Not a Hell Yes is a Hell No

Are you living a life that makes you happy? When you look back on the blog or even tune into the pod, that’s one of the underlying themes present.

The closer to 31 I get, the more in tune I am with myself and living a happy, authentic life. And that’s the kind of thing I want to share with you all.

Today I wanted to touch on a mantra we should incorporate into every facet of our life: if it’s not a hell yes, then it’s a hell no. 

I dived into that as well as a few other subjects with my girl, Miss Lina Jean on the pod this week… in case you don’t feel like reading.

But if you’re feeling literary, let’s jump on in!

Paulina, also known as Miss Lena Jean is someone I admire and adore dearly. We went to school together and even partook in Girl Scouts together. 

Paulina is a multi-faceted, dynamic, and inspiring mixture of everything wonderful in this world. If you were to ask her to describe herself, she would say she has so many interests and hardly any of them are remotely related.

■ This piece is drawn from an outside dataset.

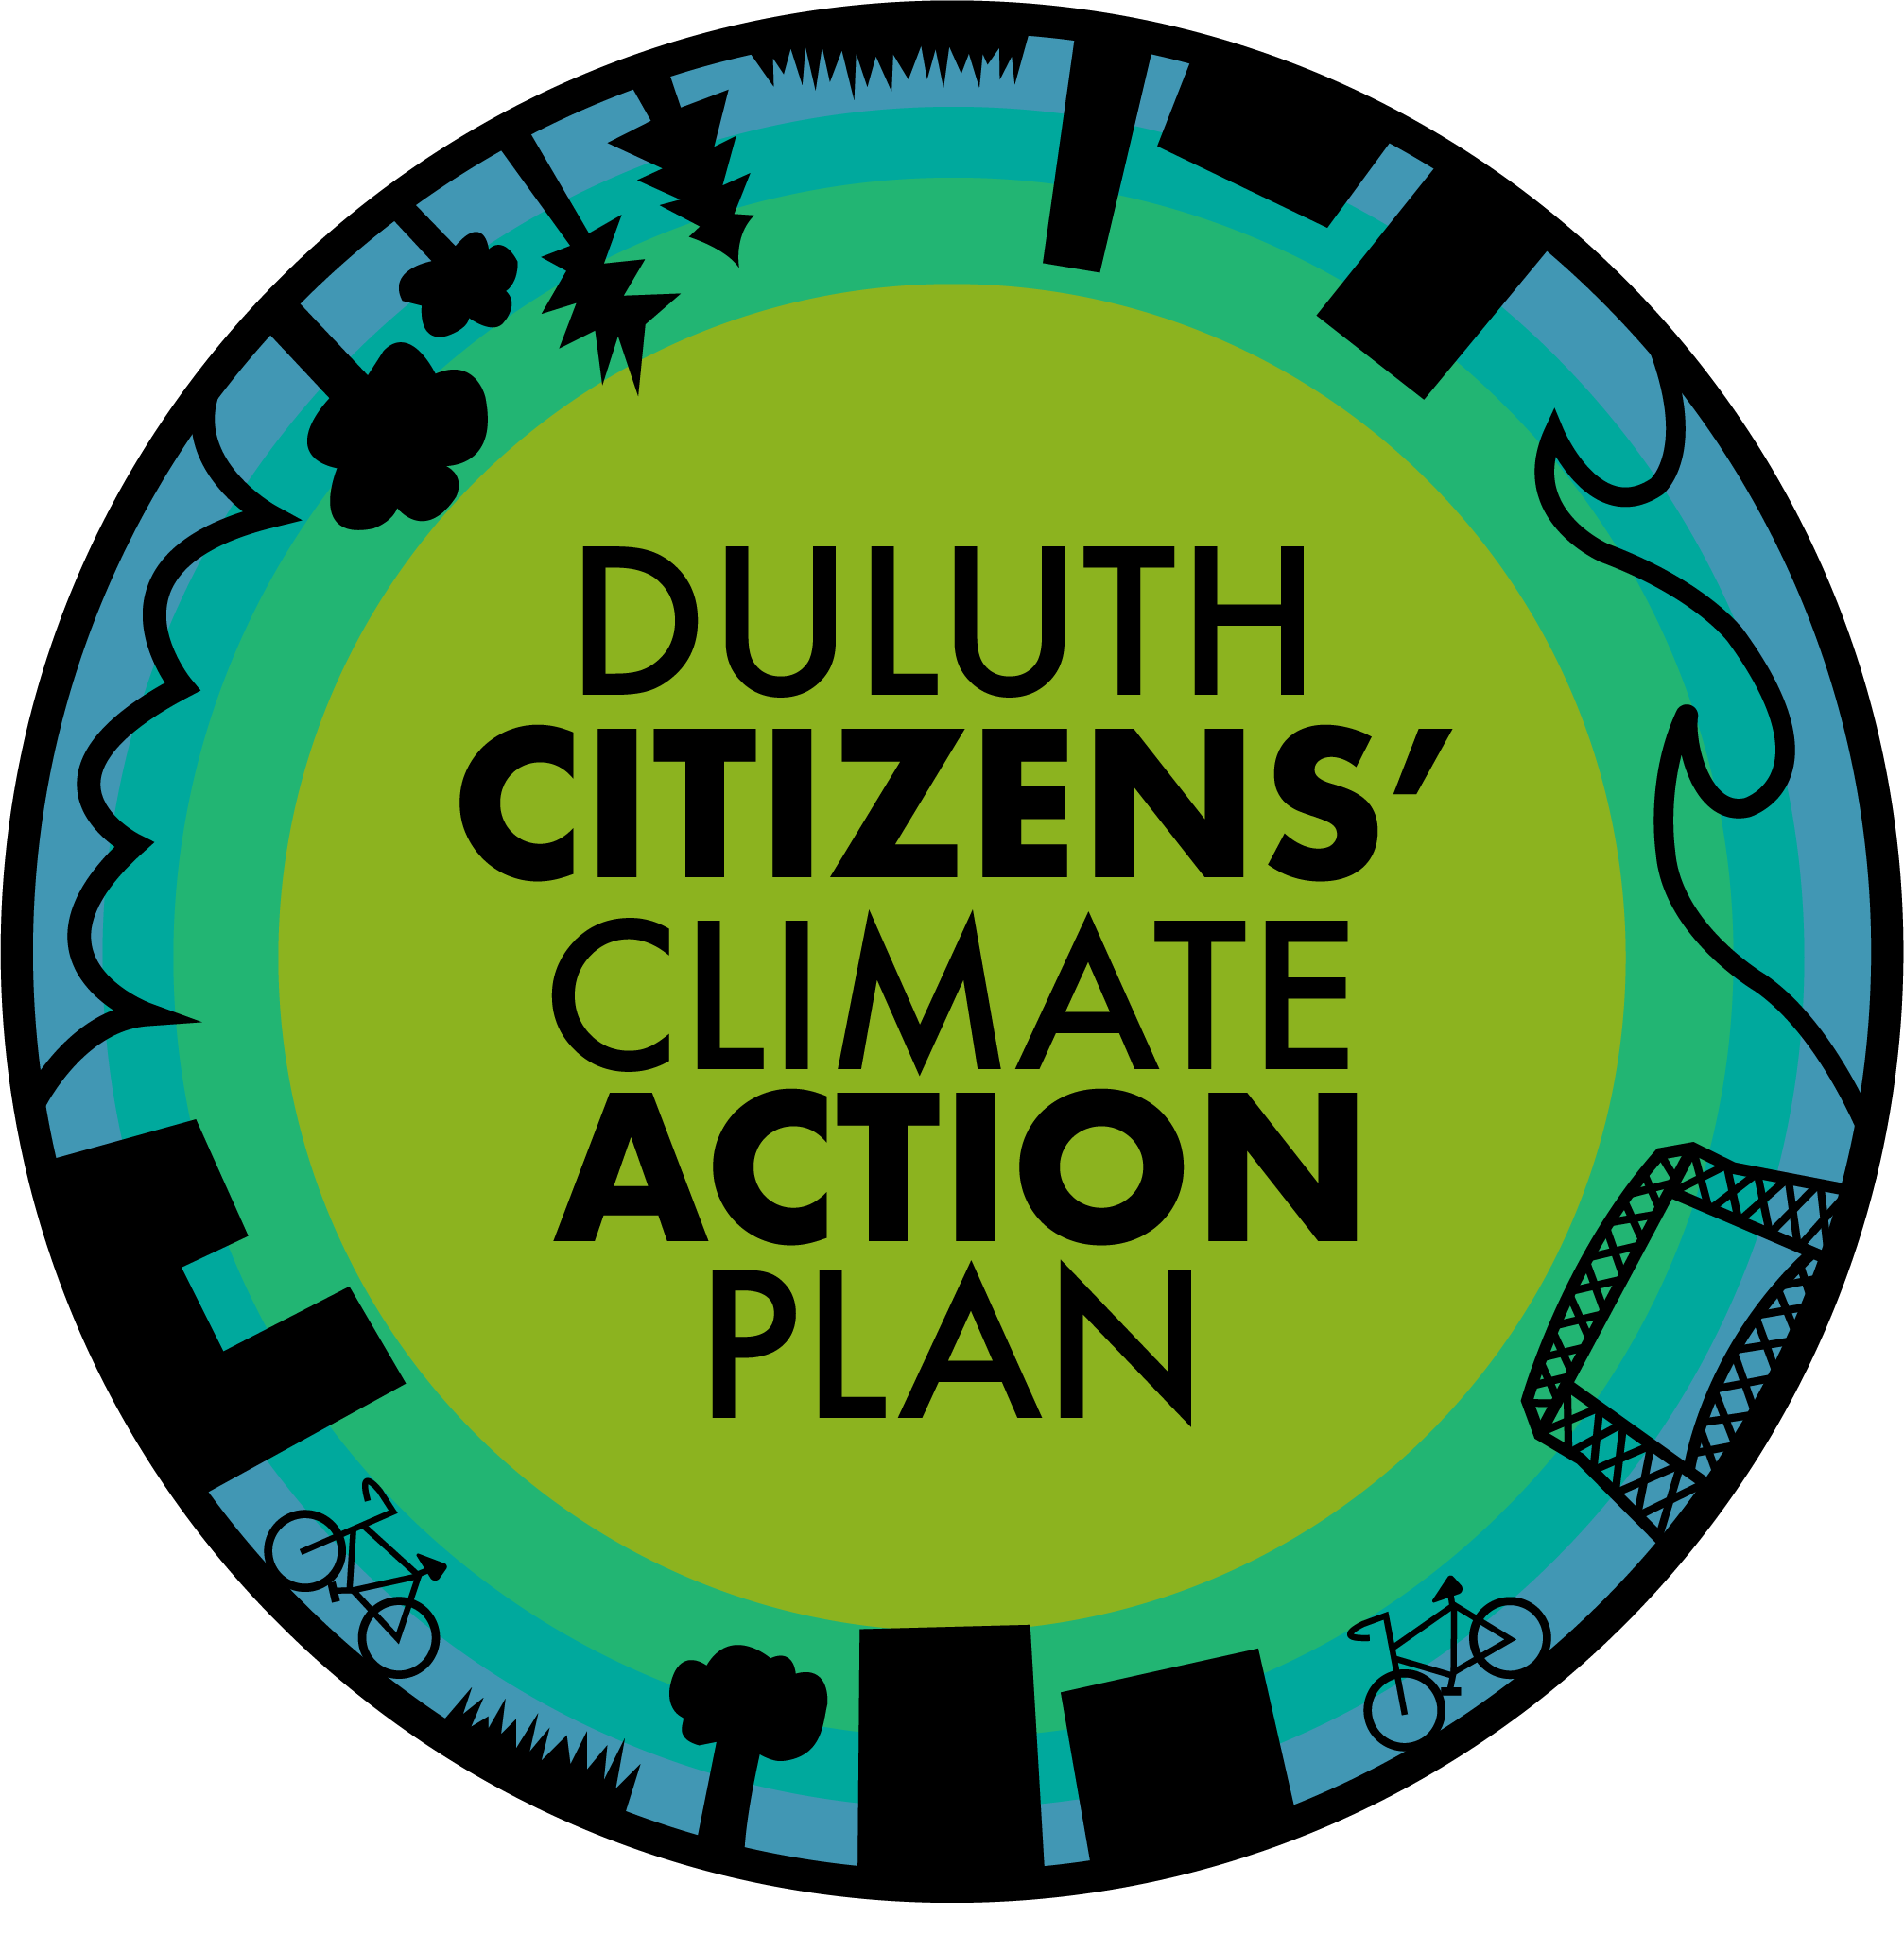 Duluth Citizens' Climate Action Plan logo

“I’m pansexual, which means I’m attracted to people from all over the gender spectrum…So even though I’ve only ever dated men, I honestly thought I’d end up with a woman. For me, building relationships with men always inevitably became about gender roles. I am NOT here for gender roles. I dated a handful of people throughout my life with nothing ever getting past the first big hurdles that relationships reach. But then. The most BEAUTIFUL human walked into my cafe.”

@misslinajean

While we both share relatively similar ideologies about sex and dating, what made our collab episode so unique is that we are in two different spaces with said philosophy.

Paulina is head over heels about Tyler, a former barista who applied to work at the same cafe as her. Their story is truly adorbs and reminiscent of one that you would see on Hallmark. Much to the dismay of those telling her to settle, she didn’t and she’s been happily dating for 5+ years.

Meanwhile, you have me – someone recently single and just having fun, taking life one day at a time while trying to not swipe right on any crazies.

What we both share is that neither of us was the type that sought out love. We believed in living our best life, chasing our dreams, and being open to something if it happened organically. And that’s something that isn’t talked about enough these days

Too often you have people settling for mediocre and not just in relationships, but jobs, friendships, and experiences. 

Life is so short, and we need to stop accepting the bare minimum. 

Perfect (or our definition of it) exists, so quit accepting otherwise.

If I stayed at my first job, I would have shit benefits, still be making $13 an hour, while living in a somewhat shit apartment.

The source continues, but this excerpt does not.